An exact transcription of all the data is required; the pictures are to be left out.

§ DATA BELOW
● ● ●

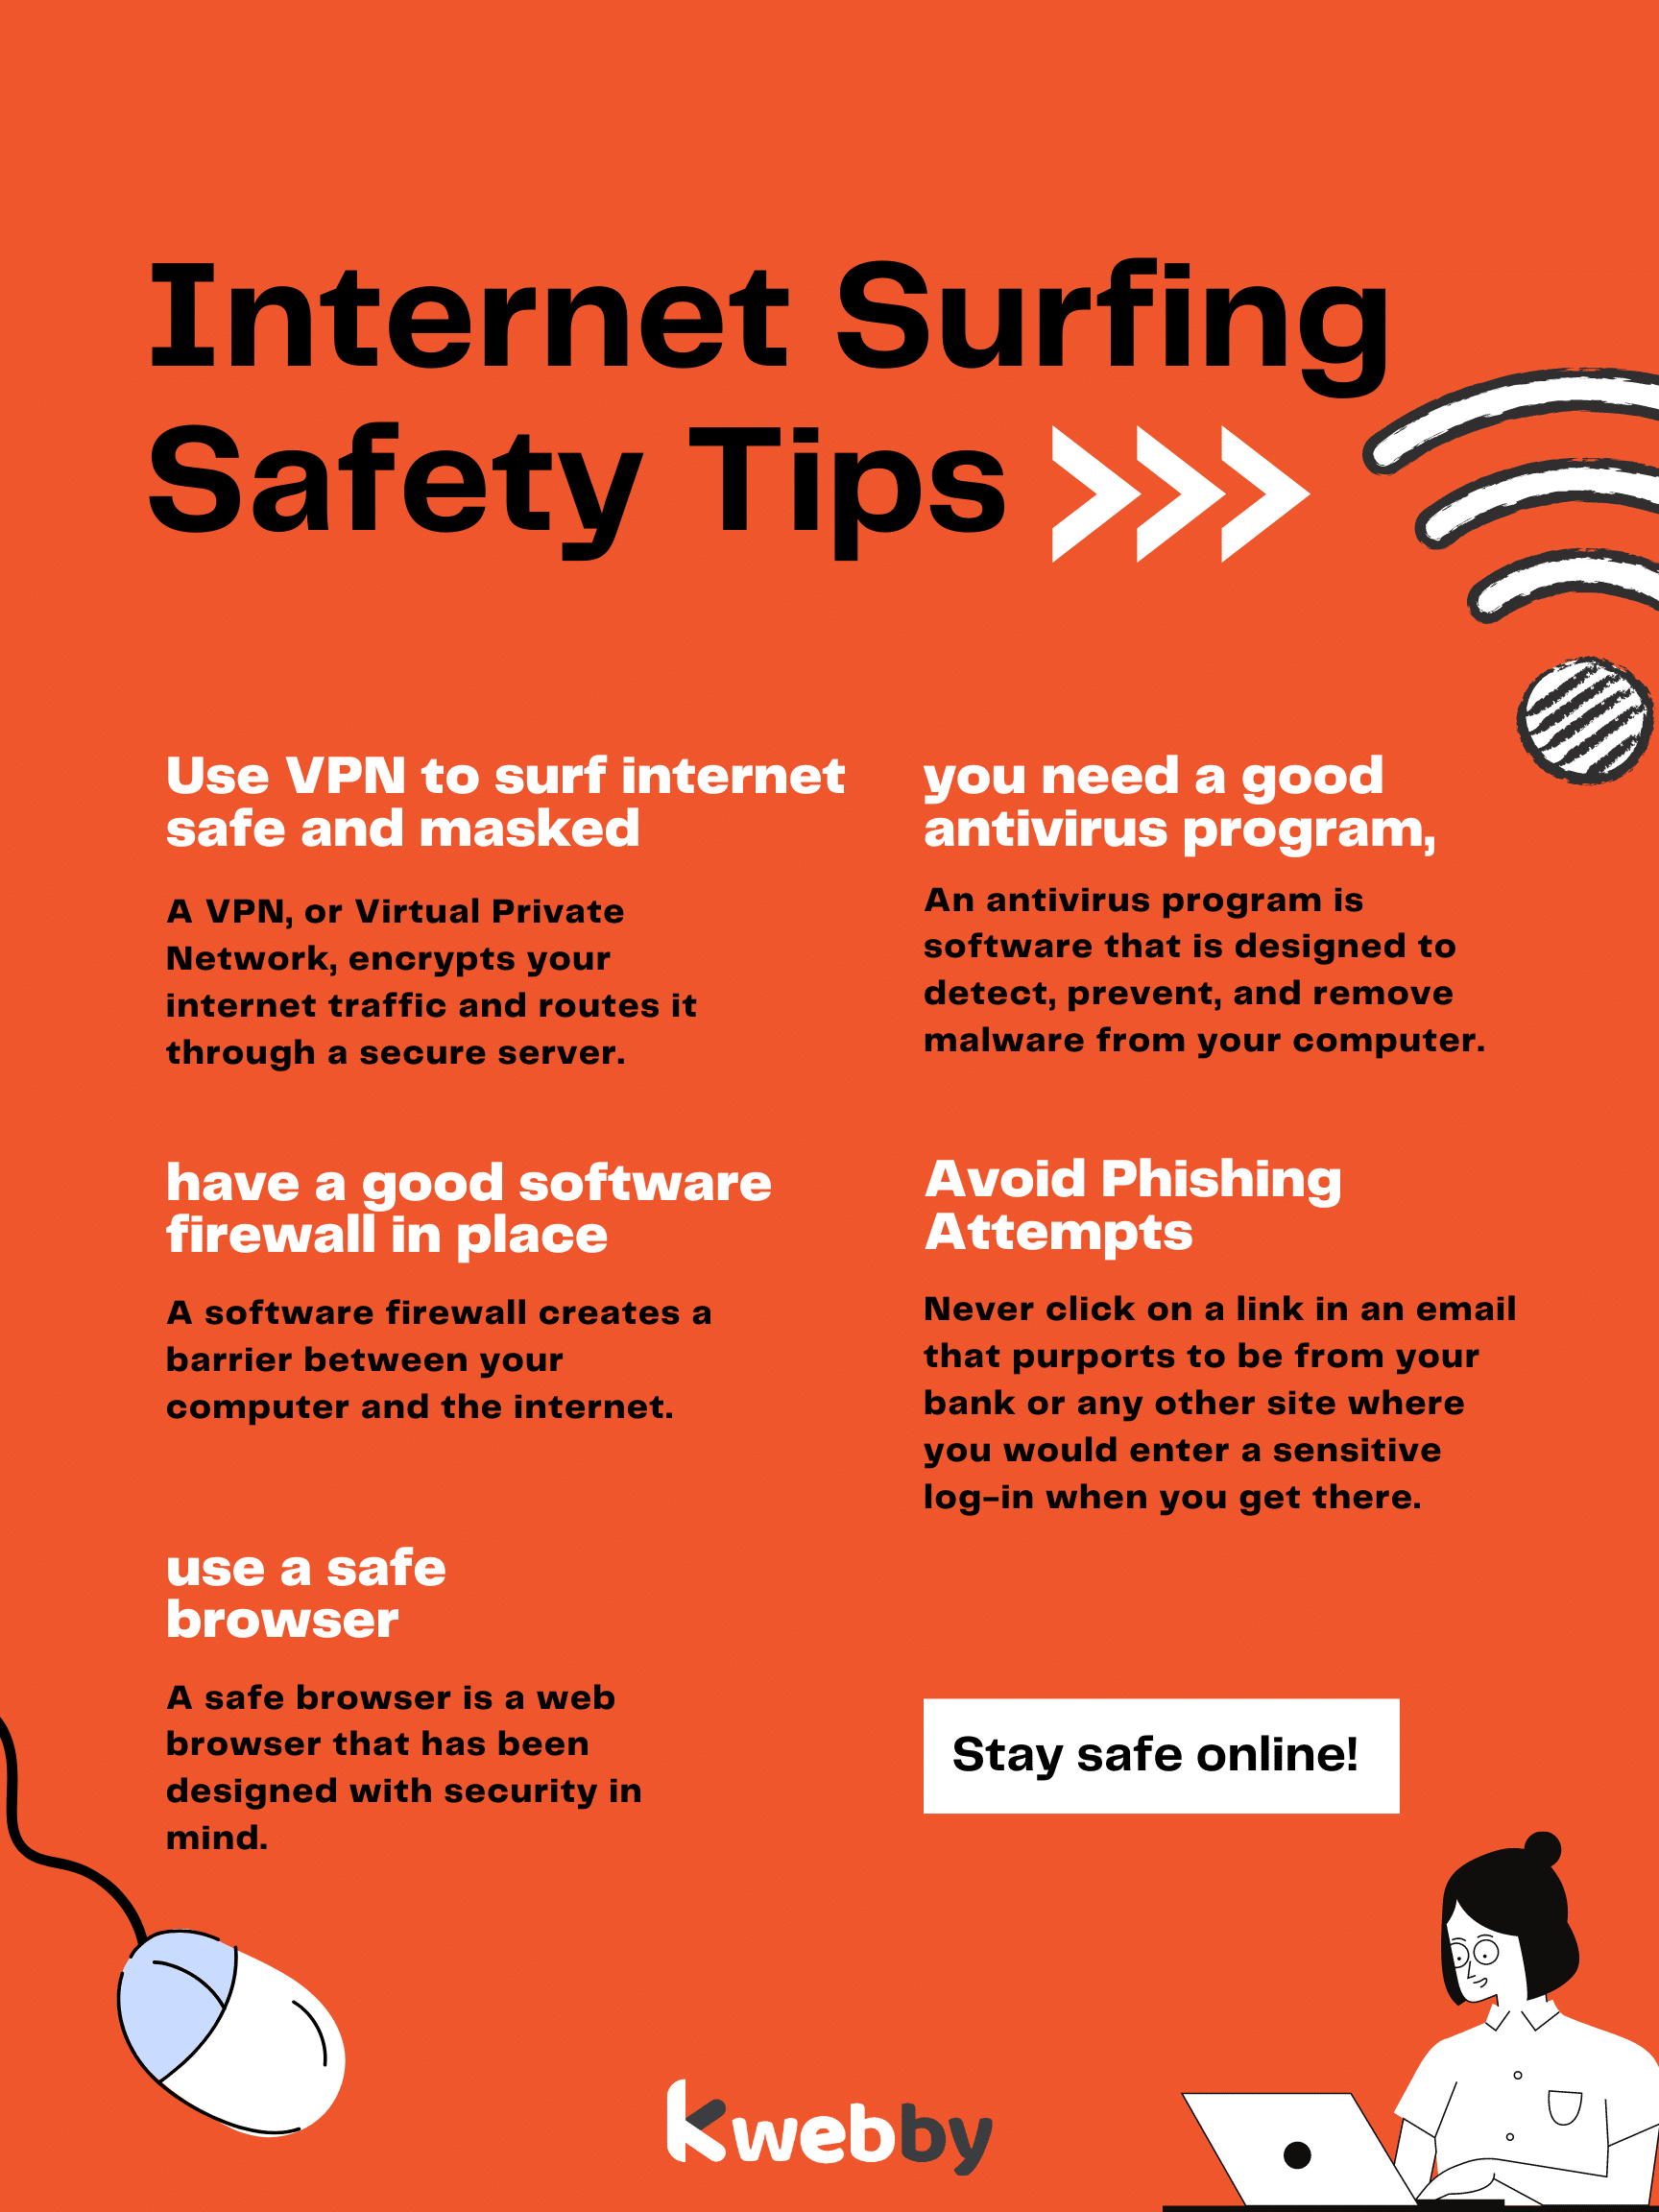 How to Surf the Internet Safely: Protect Your Privacy and Computer 1
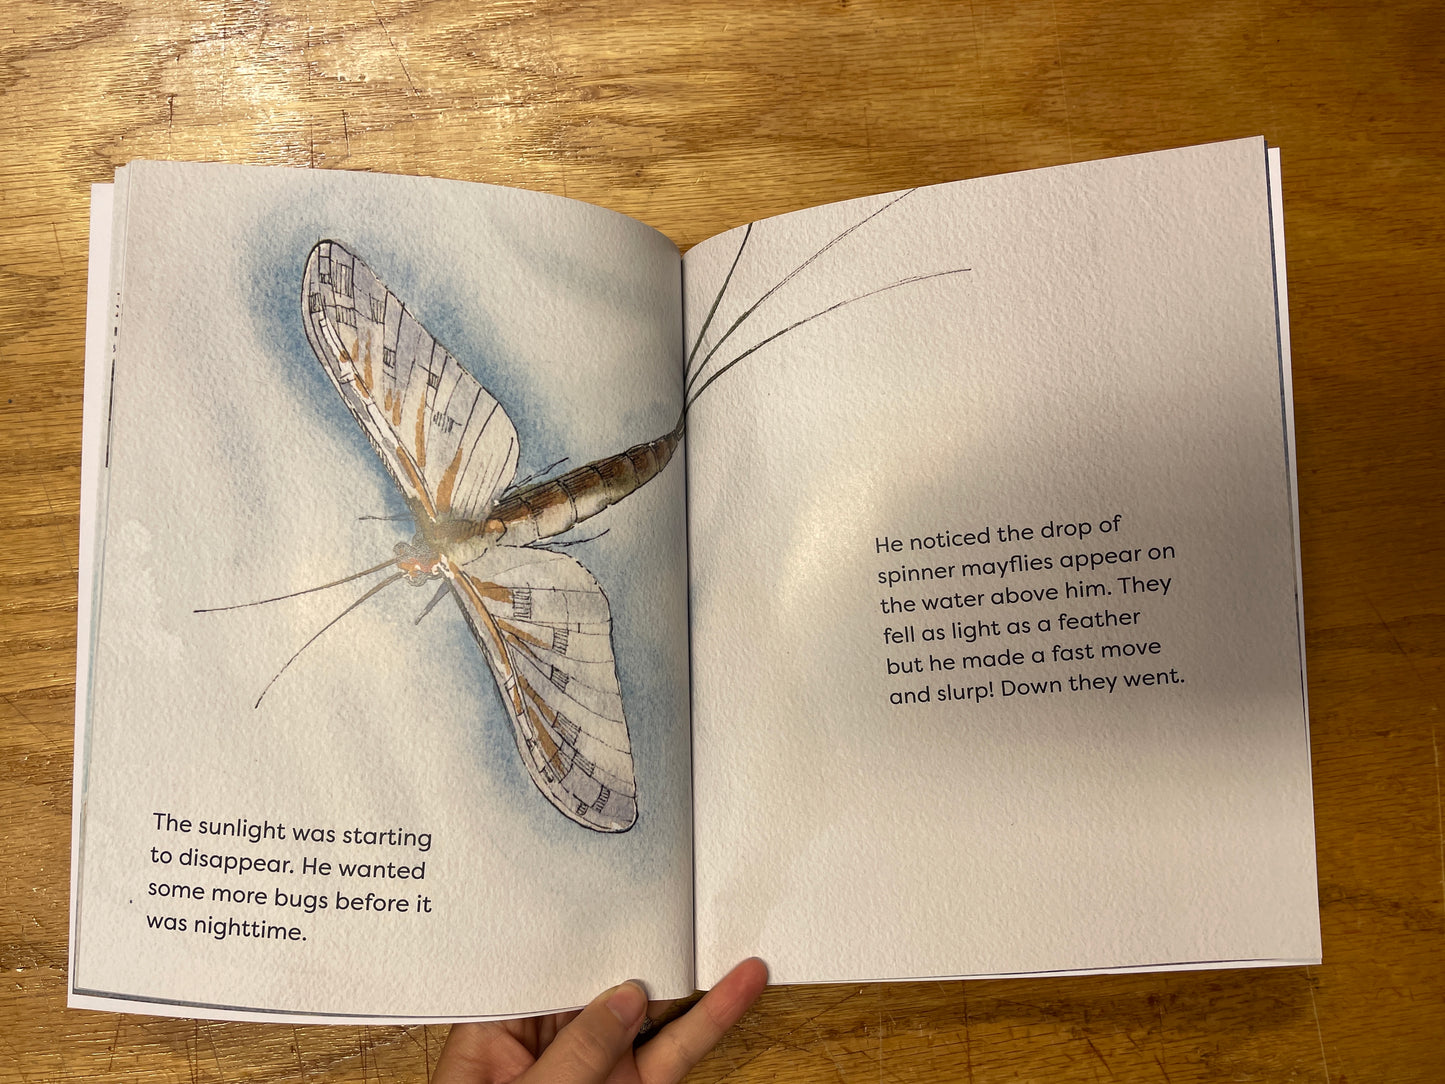 A two page spread of a book with a large mayfly illustrated on the left side.  The text reads the sunlight was starting to disappear.  He wanted some more bugs before it was nighttime.  He noticed the drop of spinner mayflies appear on the water above him.  They fell as light as a feather but he made a fast move and slurp! Down they went.
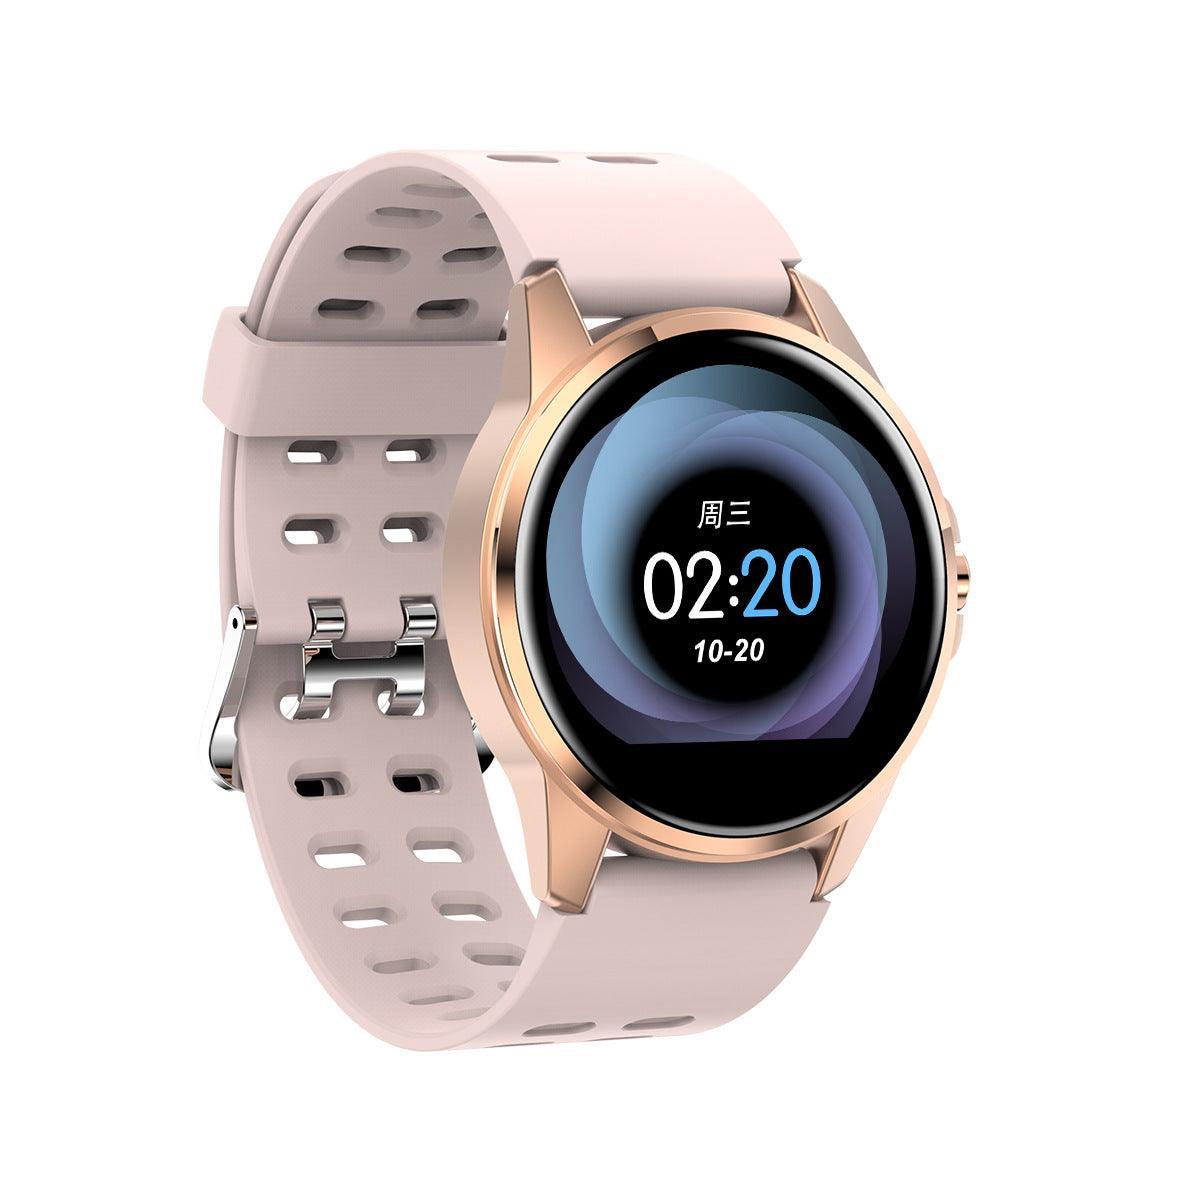 Full Touch Waterproof Sports Smartwatches - ForVanity smart watches, women's jewellery & watches Smartwatches

● ● ●

§ WRITTEN RESPONSE
 How to Surf the Internet Safely: Protect Your Privacy and Computer 1
 A two page spread of a book with a large mayfly illustrated on the left side.  The text reads the sunlight was starting to disappear.  He wanted some more bugs before it was nighttime.  He noticed the drop of spinner mayflies appear on the water above him.  They fell as light as a feather but he made a fast move and slurp! Down they went.
 Full Touch Waterproof Sports Smartwatches - ForVanity smart watches, women's jewellery & watches Smartwatches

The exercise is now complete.